2. Amendments to Loan Agreement.
2.1 Section 6.8(a) (Operating Accounts). Section 6.8(a) is amended in its entirety and replaced with the following:
“(a) Maintain all of its and all of its Subsidiaries’ depository, operating and securities/investments accounts with Bank and/or Bank’s Affiliates with the exception of (i) the Offshore Accounts and (ii) Outbrain UK may maintain up to seven (7) multi-currency accounts at HSBC Bank (the “HSBC Accounts”), and the aggregate value in such HSBC Accounts shall not exceed (x) Two Million Seven Hundred Fifty Thousand Euros (€2,750,000), (y) One Million Seven Hundred Fifty Thousand British Pounds Sterling (£1,750,000), and (z) Seven Hundred Fifty Thousand Dollars ($750,000), provided, that if any such HSBC Account contains assets in excess of such thresholds for five (5) or more consecutive Business Days, Borrower shall cause Outbrain UK to transfer any such excess to an account of Outbrain UK maintained at Bank or Bank’s Affiliates.”

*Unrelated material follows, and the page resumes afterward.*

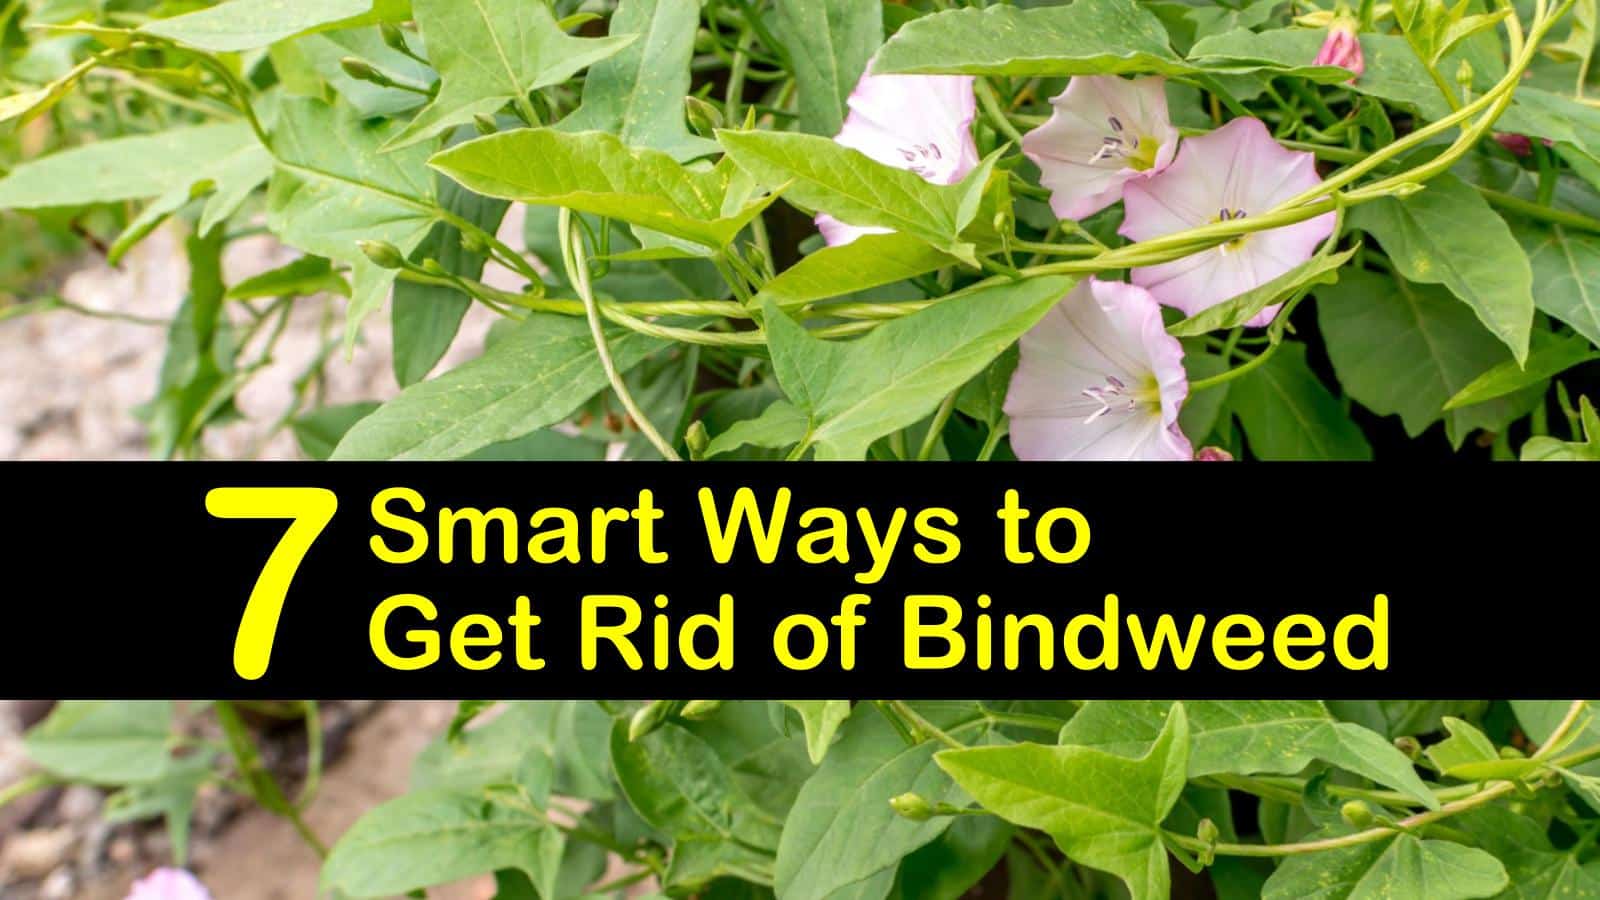 7 Smart Ways to Get Rid of Bindweed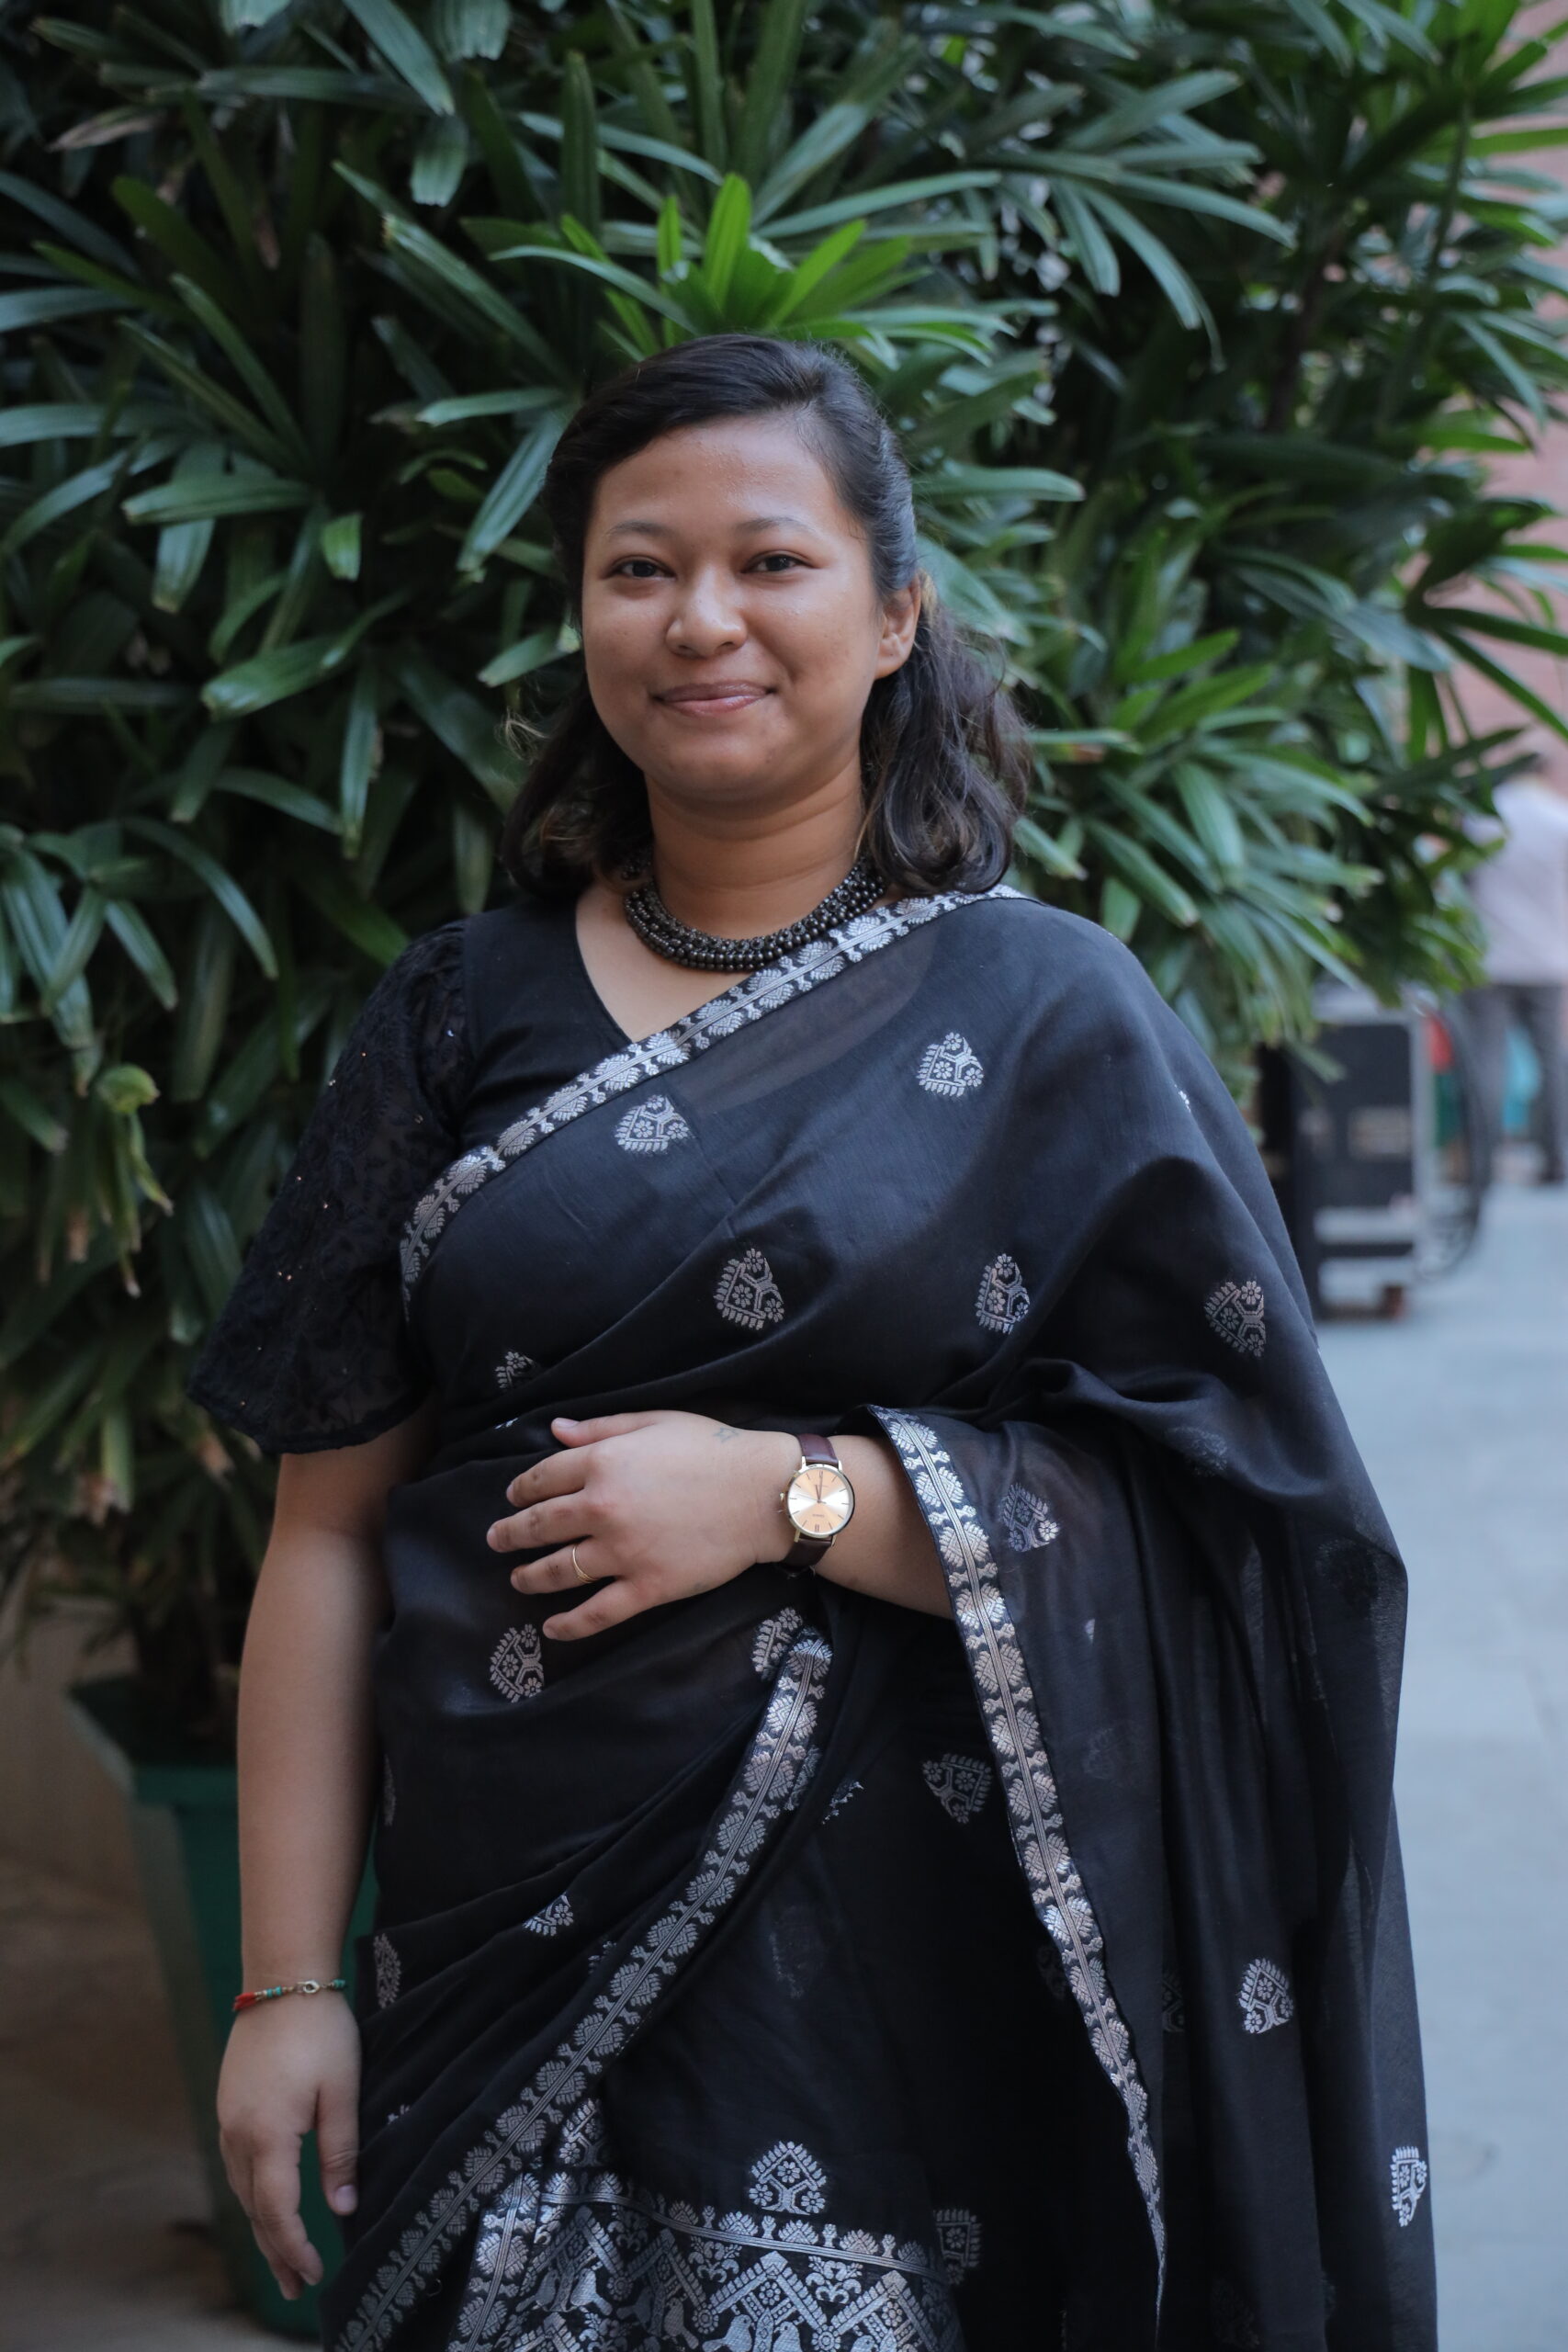 Anishmita Barah

2.2 Section 13 (Definitions). The following new terms and their respective definitions are inserted into Section 13.1, each in the appropriate alphabetical order:
“HSBC Accounts” is defined in Section 6.8(a).
“Outbrain UK” means Outbrain UK Ltd., a company organized under the laws of England and Wales, and a wholly-owned Subsidiary of Borrower.
“Second Amendment Effective Date” is January 27, 2016.
“Uncapped Availability Ratio” is the result of (a) the Borrowing Base, divided by (b) the aggregate amount of all Obligations, including, without limitation, the aggregate amount of all outstanding Letters of Credit, but excluding all Obligations under the Mezzanine Loan Agreement.
2.3 Section 13 (Definitions). The following terms and their respective definitions set forth in Section 13.1 are amended in their entirety and replaced with the following:
“Current Liabilities” are all obligations and liabilities of Borrower to Bank, plus, without duplication, the aggregate amount of Borrower’s Total Liabilities that mature within one (1) year but excluding (i) intercompany payables, (ii) statutory severance required in Israel and (iii) the Obligations under the Mezzanine Loan Agreement.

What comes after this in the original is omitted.